On the other hand, I have never read anything by Karen Traviss. She fit the old !SFnal Tomboy! profile so exactly, I thought I already knew her work well. . . I should give her a try, but clearly you don't start with Judge.

And last night (finally getting there) we watched the Tigers In Bhutan show. How lovely it was, and how thrilling. All those different big cats! And the pika, and the dried medicinal caterpillar with fungus growing out of its head. But I was afraid. Don't tell! I kept thinking. Don't tell! I just hope none of those dxxxxd Traditional Medicine tycoons were paying too much attention.
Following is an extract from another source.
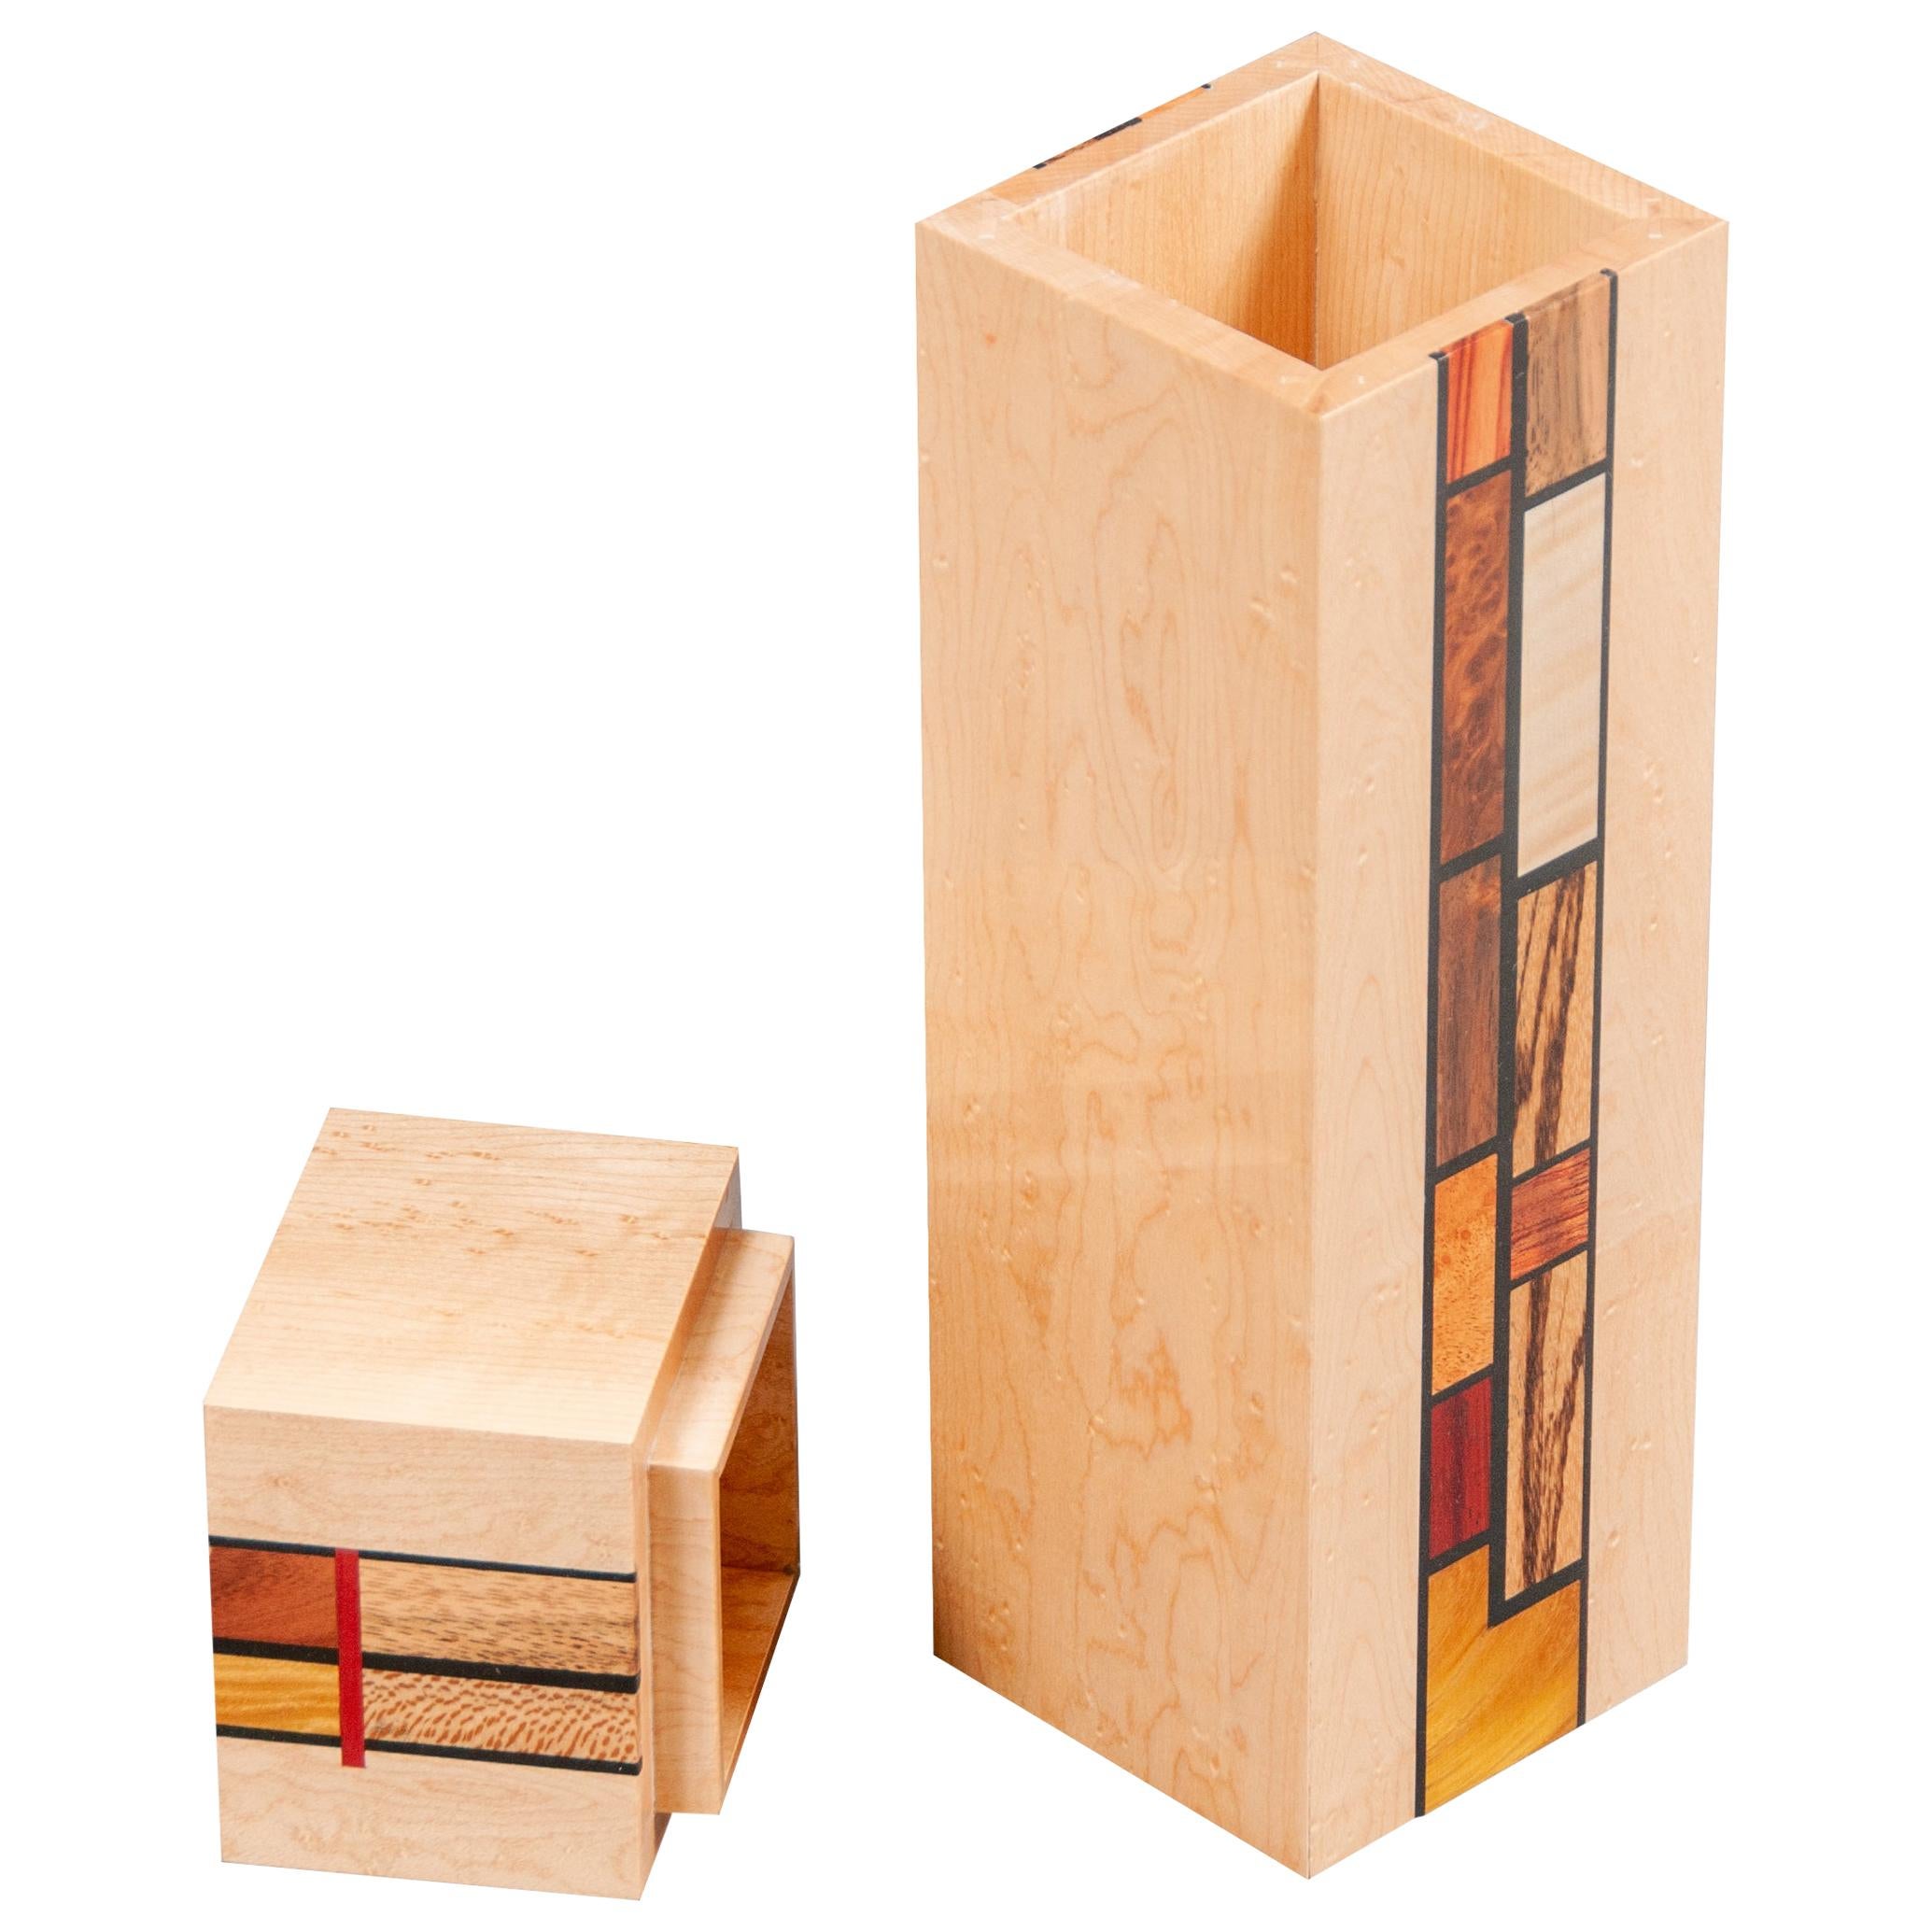 Wood Mosaic Mondrian Inspired Art Box For Sale

The Sword, The Mirror and the Jewel

Tuesday September 14th, cool morning, herring gulls crying, grey skies thick with rain.

I used to think the Studio Ghibli movies were stateless, set in some Cloud Cuckoo land, a Japanese cartoon version of the Fairytale Mediaeval Europe invented by Disney. Then I saw Tokyo Story, a grim and rather repellent Great Movie by Kurosawa, and there was Miyasaki's lost country, right there: the crooked roofs, the jumbled little streets, the causewayed paths between the rice paddies, a homely countryside close by the tumbling haphazard low-rise warren of the industrial city. (reminding me very much of the outskirts of Manchester, when I was a child myself).

I used to think Zelda and Final Fantasy were Stateless fantasies, the seemingly bizarre and arbitrary cod-mediaeval features the product of random, deracinated game-developers' imaginations. Now I know different, and I've just been reminded how far from rootless they are, these landscapes, these eternal pilgrimages from shrine to shrine (or dungeon!); these treasures that we must obtain, at lengthy cost. I'm reading The Confessions of Lady Nijo, an old paperback I picked up on the South Bank bookstalls, on my birthday trip to London, in February. I have a small collection of Heian ladies' writing, but though this one was new to me, I didn't rate it at first glance, just bought it on reflex: it was a late work, two hundred years after Genji, and written (it says here) with the explicit purpose of restoring the lady's family fortunes. Derivative, I thought. Bound to be dilute, formulaic and feeble. I was completely wrong. It's true, Genji keeps coming up in the first three books. Parties are staged to recreate episodes in the incomparable (fictional!) Genji's court life. Courtiers, and court ladies like Nijo, imitate the poems, the actions, the emotions of Murasaki Shikibu's characters. Of course I don't know how much of this is part of Nijo's cunning plan to ride on the classic writer's trailing sleeves, and how much Genjification really happened. It's weirdly modern, though. Then comes the best bit. "Nijo", concubine from childhood to one retired emperor (the indulgent GoFukakusa, who has never really objected to the girl having private lovers on the side), is in a dire predicament over Gofukakusa's conviction that she's having a clandestine affair with another retired emperor, Gofukakusa's brother-enemy. She's lost her protector, and the knives are out at court. You know what, she decides. I'm sick of it all anyway: and sets out one morning, dressed as a Buddhist nun, on a life of pilgrimage. Here's the passage, that prompted this post.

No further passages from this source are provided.